* [Dataset extract]:
━━━━━━━━━━━━━━━━━━━━━━━━━━━━━━
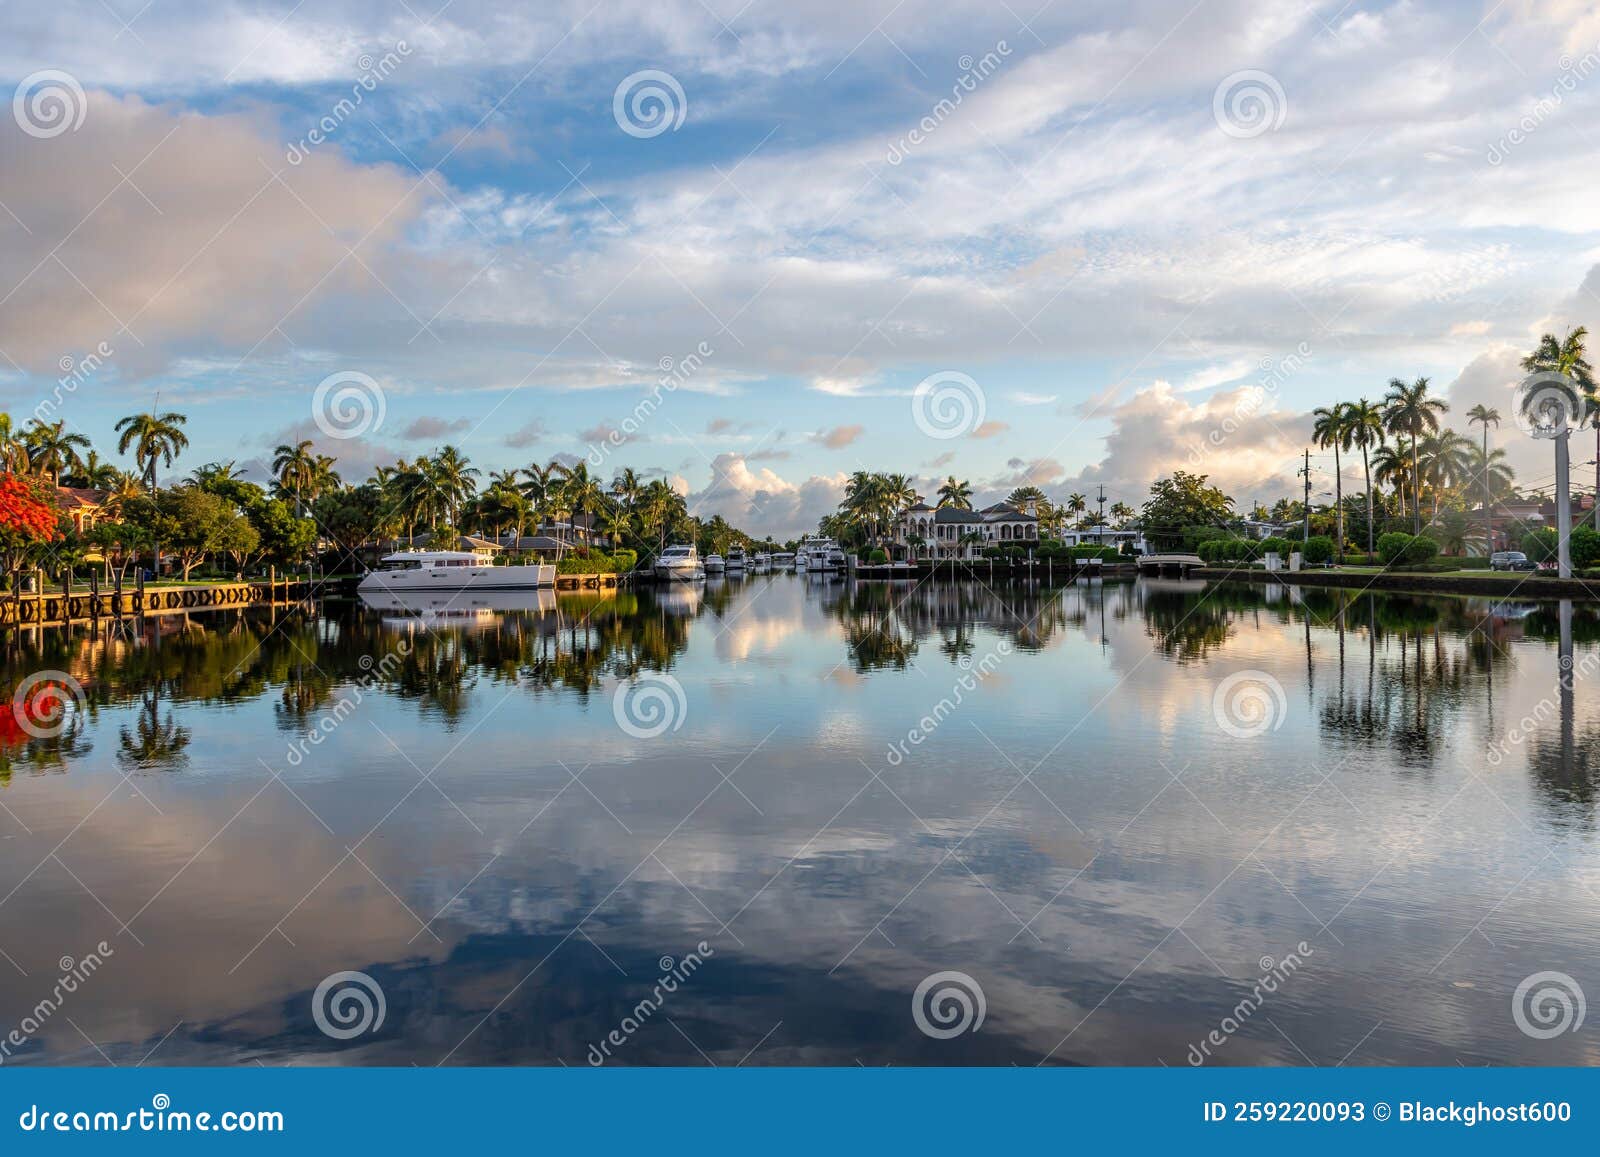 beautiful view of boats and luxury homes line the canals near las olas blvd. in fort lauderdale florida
━━━━━━━━━━━━━━━━━━━━━━━━━━━━━━
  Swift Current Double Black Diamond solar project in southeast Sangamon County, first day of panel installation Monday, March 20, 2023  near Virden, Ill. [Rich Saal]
━━━━━━━━━━━━━━━━━━━━━━━━━━━━━━
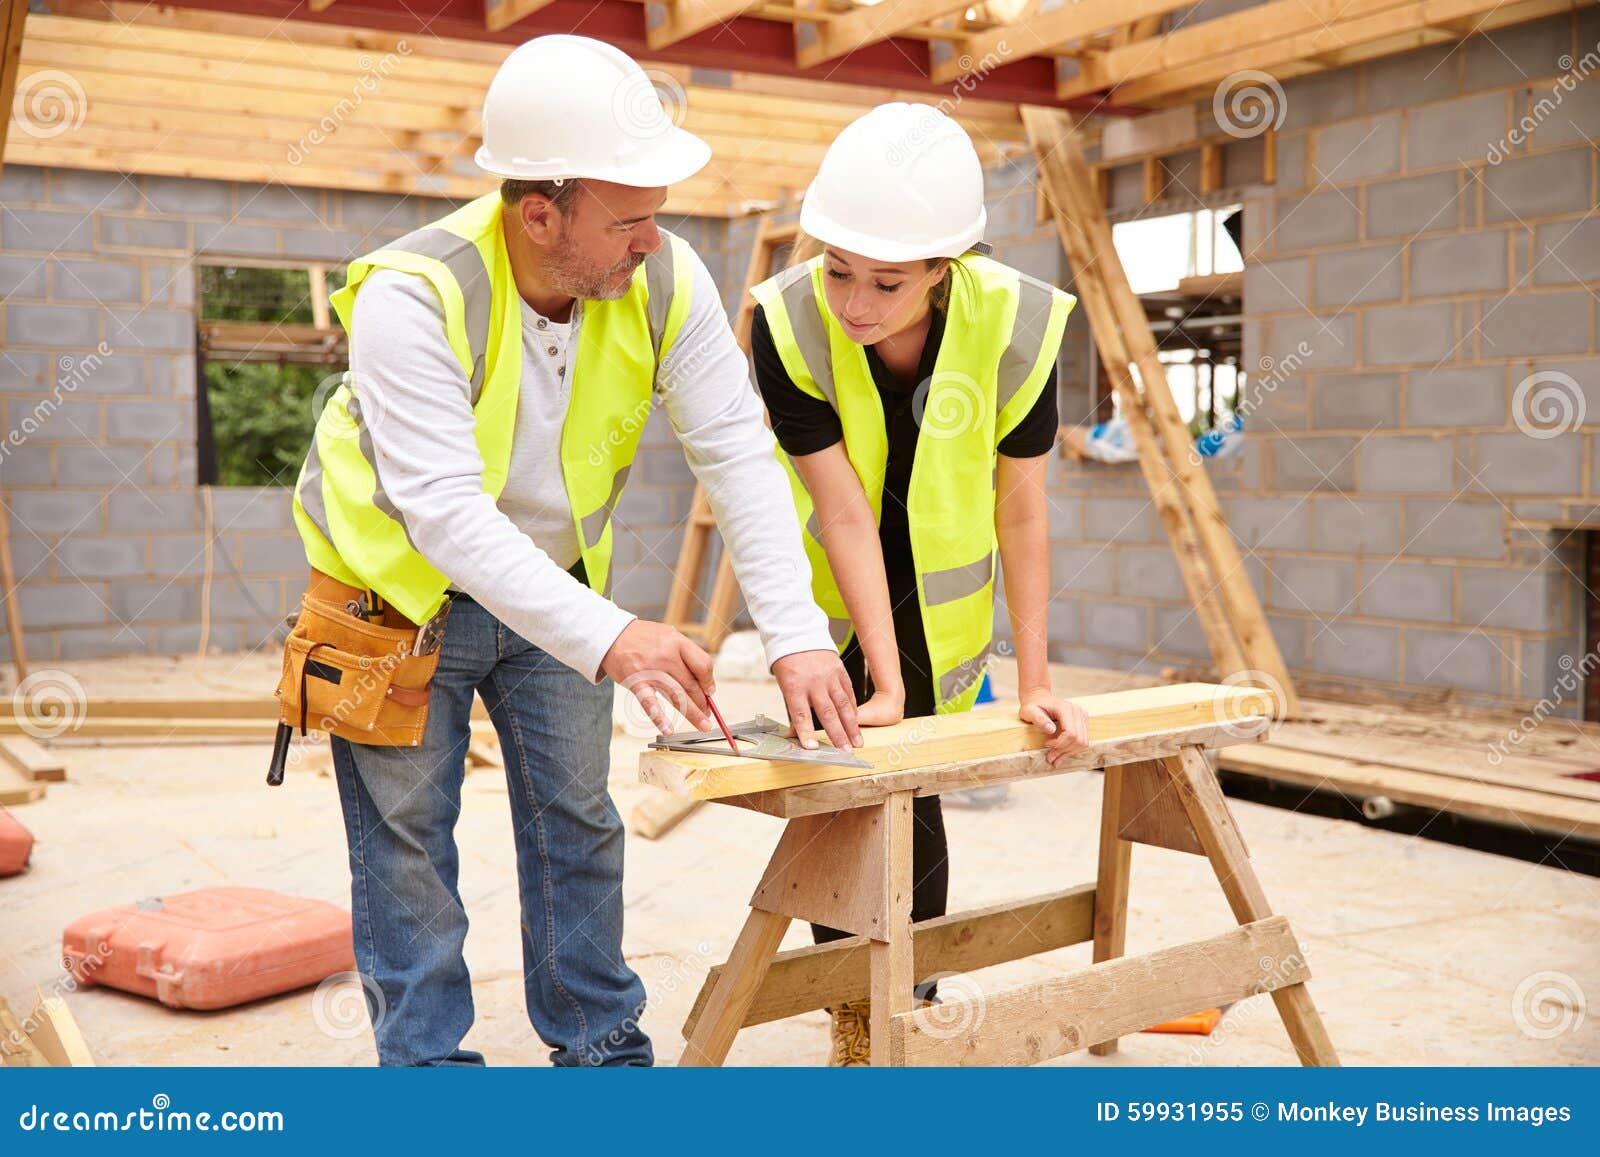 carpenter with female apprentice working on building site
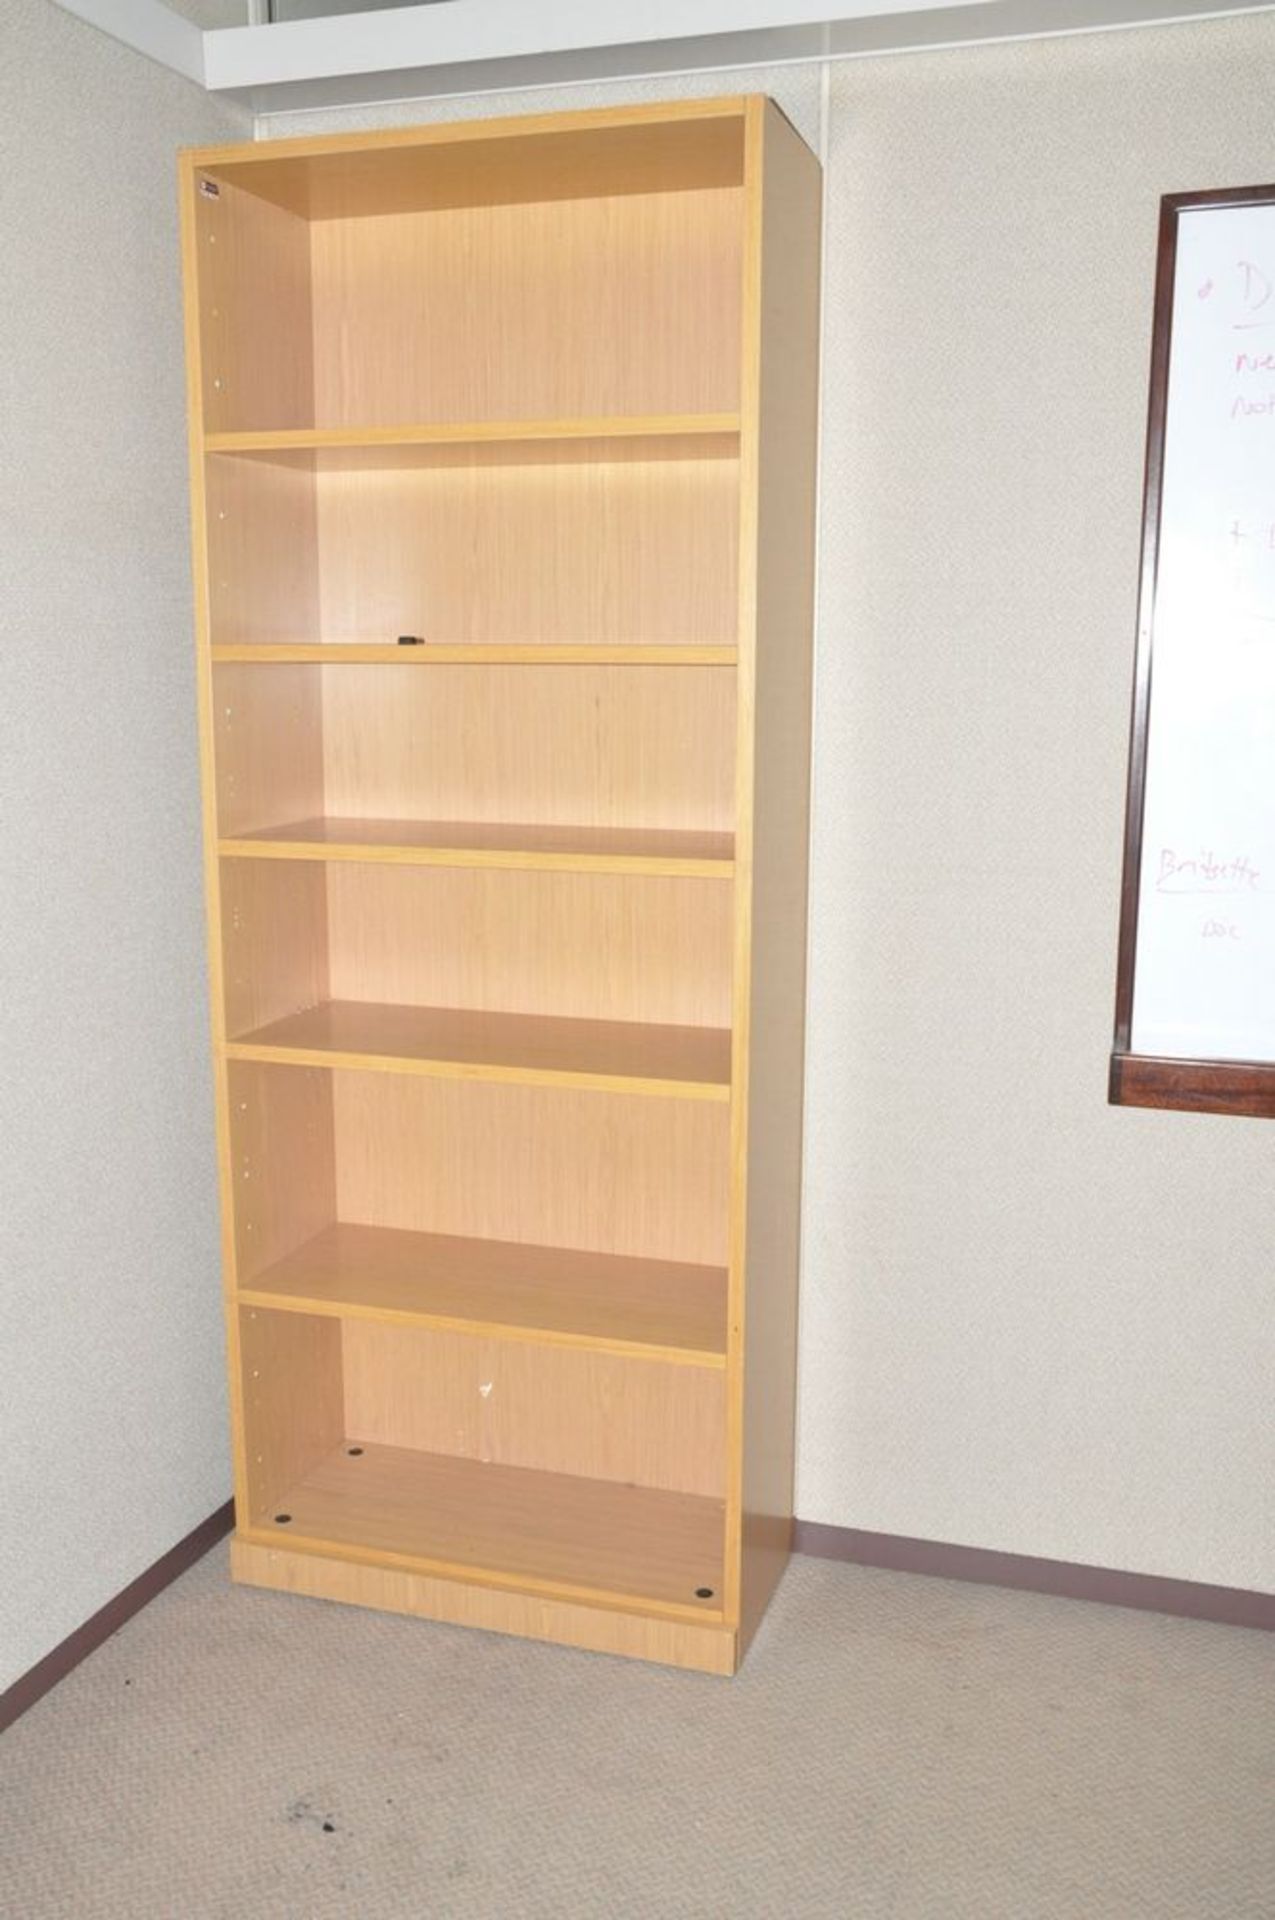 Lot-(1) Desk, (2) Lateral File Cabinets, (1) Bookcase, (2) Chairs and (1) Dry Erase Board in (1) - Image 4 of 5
━━━━━━━━━━━━━━━━━━━━━━━━━━━━━━
* [Exercise aim]:
Here the job is to copy the listing above word for word, starting at the line with "carpenter with female" and ending at the line with "Lot-(1) Desk, (2)", and to leave out the pictures.

* [Answer to this problem]:
 carpenter with female apprentice working on building site
 Lot-(1) Desk, (2) Lateral File Cabinets, (1) Bookcase, (2) Chairs and (1) Dry Erase Board in (1) - Image 4 of 5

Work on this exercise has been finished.